# GEO (Gene Expression Omnibus) Data Analysis

This notebook demonstrates how to download and analyze gene expression data from GEO.

GEO is a public repository that archives high-throughput genomics data including:
- Microarray data
- RNA-seq data
- ChIP-seq data
- And more

## Methods:
1. Download data using GEOparse library
2. Alternative: Download using NCBI E-utilities
3. Process and normalize expression data
4. Differential expression analysis
5. Visualization

In [None]:
# Install required packages
!pip install GEOparse pandas numpy matplotlib seaborn scipy scikit-learn statsmodels requests

In [None]:
import GEOparse
import pandas as pd
import numpy as np
import matplotlib.pyplot as plt
import seaborn as sns
from scipy import stats
from sklearn.decomposition import PCA
from sklearn.preprocessing import StandardScaler
from statsmodels.stats.multitest import multipletests
import requests
import gzip
import os
import warnings
warnings.filterwarnings('ignore')

# Set plotting style
sns.set_style('whitegrid')
plt.rcParams['figure.figsize'] = (12, 8)

## 1. Download GEO Dataset using GEOparse

**Example datasets:**
- GSE48558: Breast cancer vs normal tissue (Microarray)
- GSE62944: Colorectal cancer (RNA-seq)
- GSE68849: Prostate cancer (Microarray)
- GSE183947: Lung cancer (RNA-seq)

We'll use GSE48558 as an example (breast cancer microarray data)

In [None]:
# Download GEO dataset
# This may take a few minutes depending on dataset size

geo_id = "GSE48558"  # Breast cancer dataset

print(f"Downloading {geo_id} from GEO...")
print("This may take several minutes...\n")

# Download and parse
gse = GEOparse.get_GEO(geo=geo_id, destdir="./geo_data")

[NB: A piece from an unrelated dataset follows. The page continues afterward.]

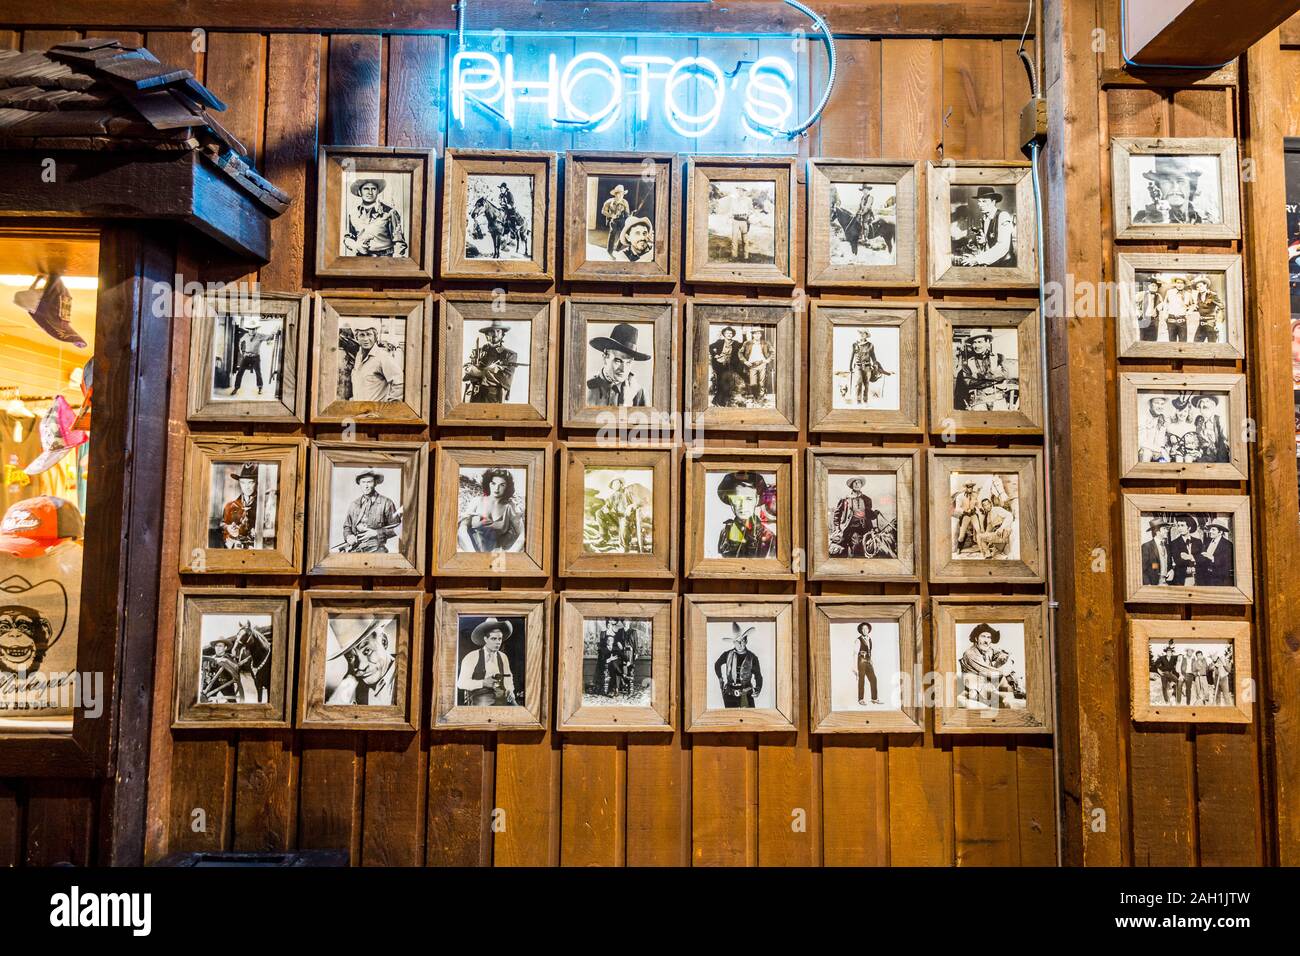 Les intérieurs de restaurants et bars avec un tas de photos de célébrités à la Fort Worth Stockyards, un quartier historique qui est située à Fort Wor Banque D'Images
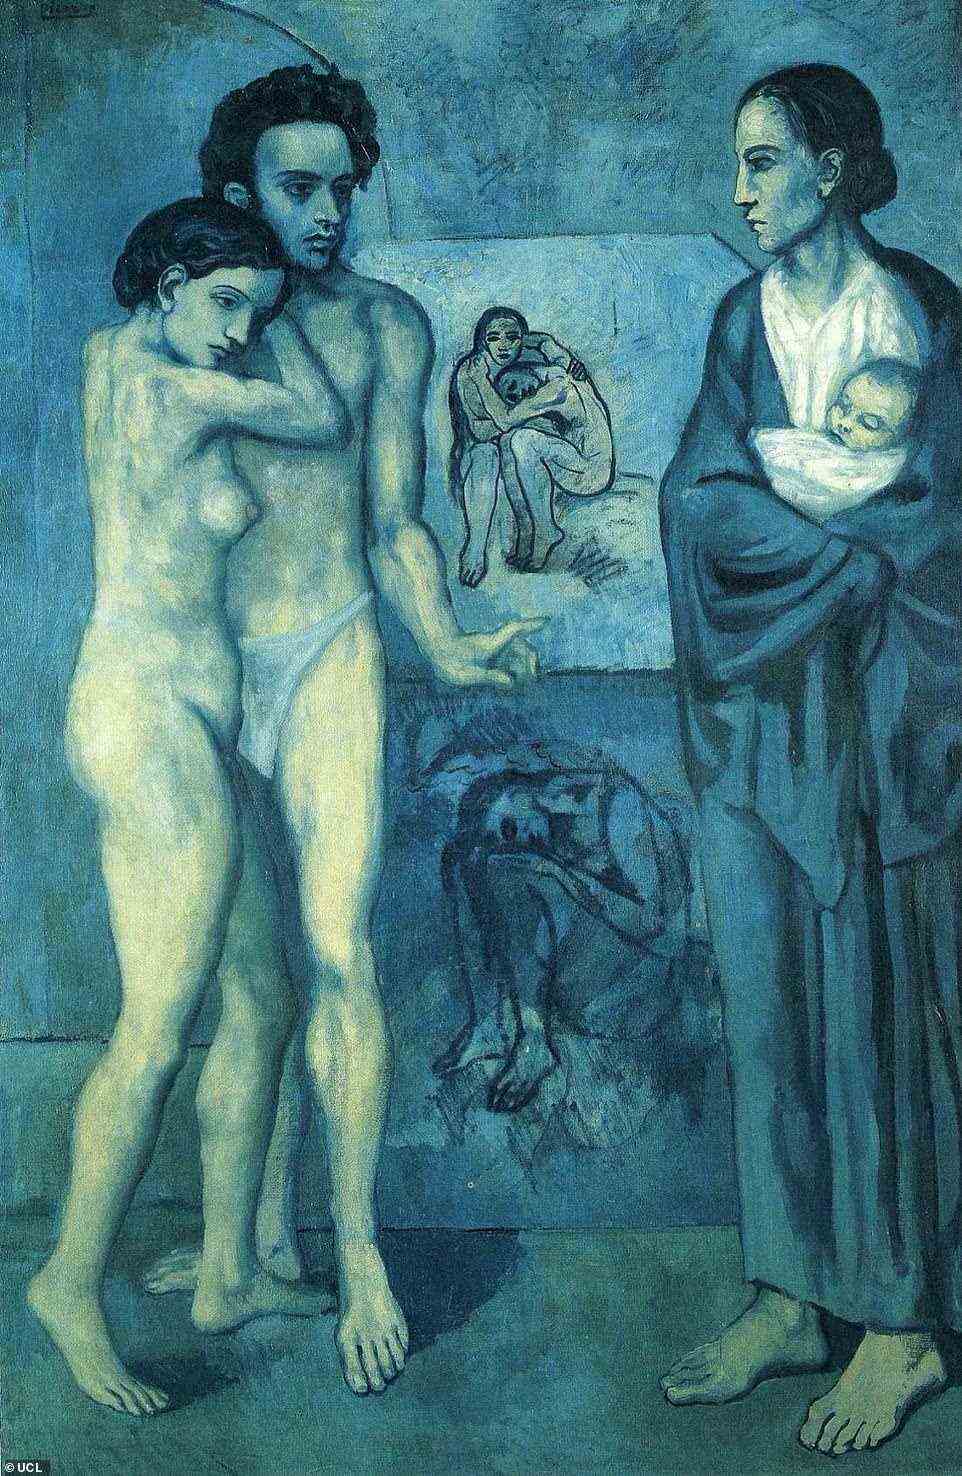 Die Entdeckung von 'The Lonesome Crouching Nude' im Jahr 2010 beendete eine lange Suche nach dem verschollenen Werk ¿ bekannt durch die Darstellung im Hintergrund von 'La Vie', einem zeitgenössischen Ölgemälde von Picasso (im Bild), das weithin als der Höhepunkt seiner

print(f"\nDataset downloaded successfully!")
print(f"Title: {gse.metadata['title'][0]}")
print(f"Organism: {gse.metadata['organism'][0]}")
print(f"Platform: {gse.metadata['platform_id'][0]}")
print(f"Number of samples: {len(gse.gsms)}")

## 2. Explore Dataset Metadata

In [None]:
# Display dataset information
print("Dataset Summary:")
print(f"Summary: {gse.metadata['summary'][0][:500]}...\n")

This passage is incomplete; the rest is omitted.